I met my husband when I was 18 (he was 21) but we didn't get together as a couple until I was 21. Fast forward to now and I'm almost 35 and we are still together and loved up 😍

Lwmommy · 15/08/2019 15:20

I was 16, he was 23 when we started dating, together 19 years and married 13 so far, Still happy!

ReapersHowler · 15/08/2019 15:23

Met at 15/17, moved in together at 16, DD born at 17, Married at 20/23, DS arrived at 27 and still together now at 33/36. I can honestly say he saved my life and I wouldn't do a single thing differently.

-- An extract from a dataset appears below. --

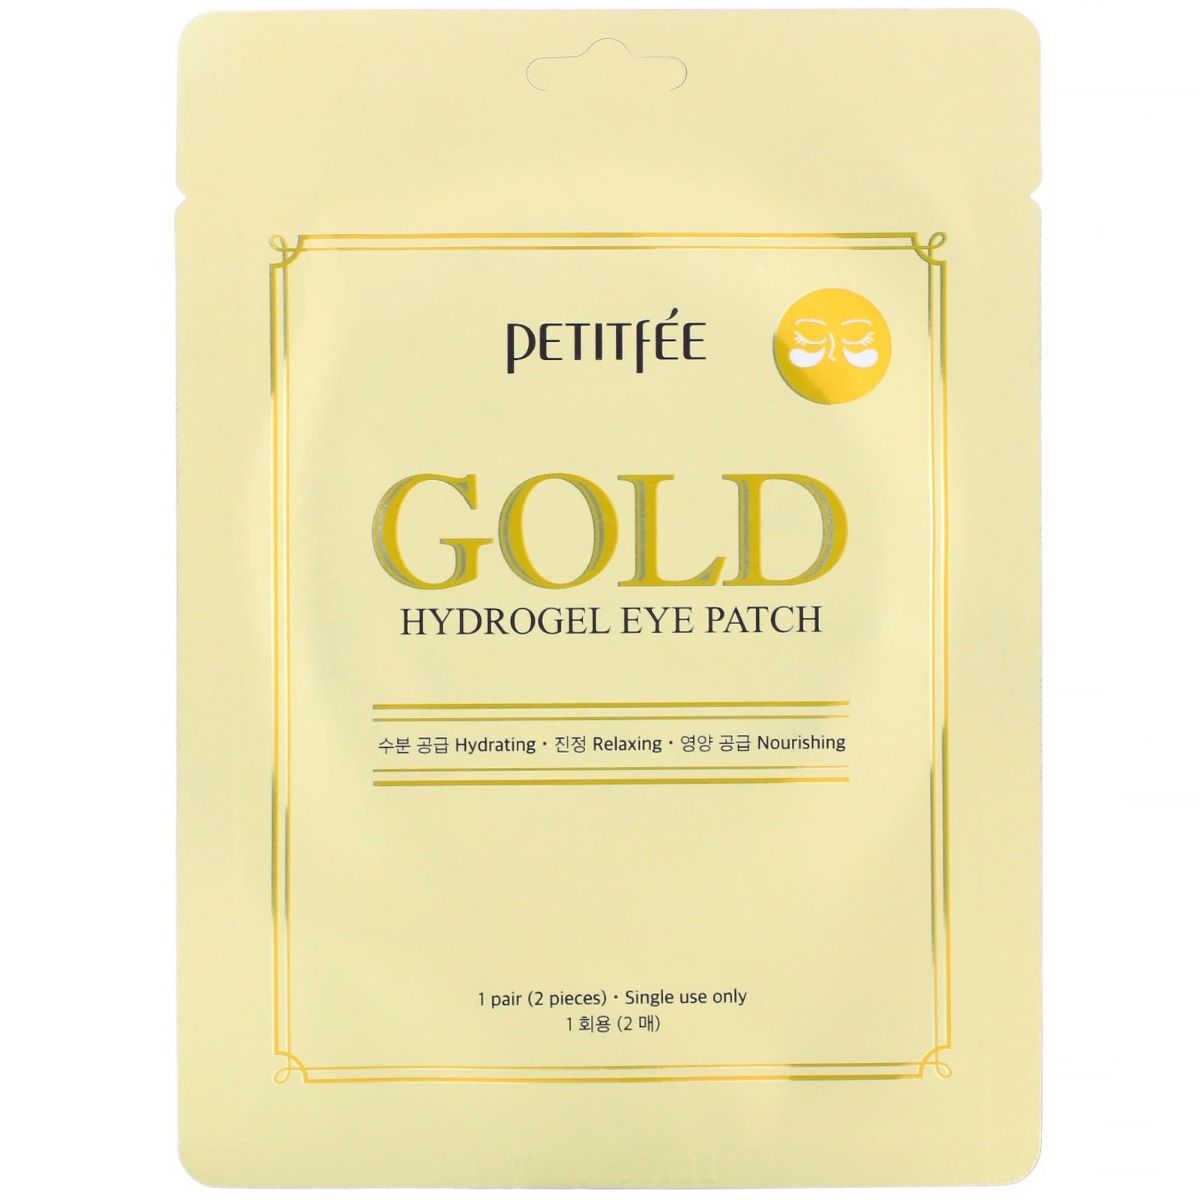 PETITFEE GOLD Hydrogel Eye Patches 2pcs

Inferiorbeing · 15/08/2019 16:18

Me and DP have been together 6 years since we were 16 and 19. My parents got together at that same age and are still going strong so I 100% think its possible. Also I dont feel like I missed out on the young single life, because I do other things like travel and renovate our house, just with my partner who I love

Iamblossom · 15/08/2019 17:41

Met DH when I was 16, have been married for 19 years, I am now 44.

madeofstarlight · 15/08/2019 17:49

I'm 25 and last year so many couples I know that were together from a young age (including me and my then bf) broke up. However, my parents have been together since they were 17 & 19 and are still together and happy. They've had their ups and downs but they've manage to overcome things and grow together. I do think a lot of it's down to chance and wether or not you grow up in the same direction because you go through a lot of personal change from your teens to mid twenties.

Herewego93 · 15/08/2019 17:55

Bit disturbing reading the 15 and 26. Sorry but a kid and adult. Only because when I was 15 I was groomed by someone of that age. Really hard for me not to wince reading some of these.

pleasehelpmewithmydilemma · 15/08/2019 17:56

Been together since I was 16. I’m now mid 40’s. Coming up for our silver wedding anniversary. One teenage DD. DH is a bit older than me so did his lairy lads holidays before we met. I don’t once regret being with one person forever. We have a fabulous life together - a long carefree life before DD and a different but wonderful life with DD.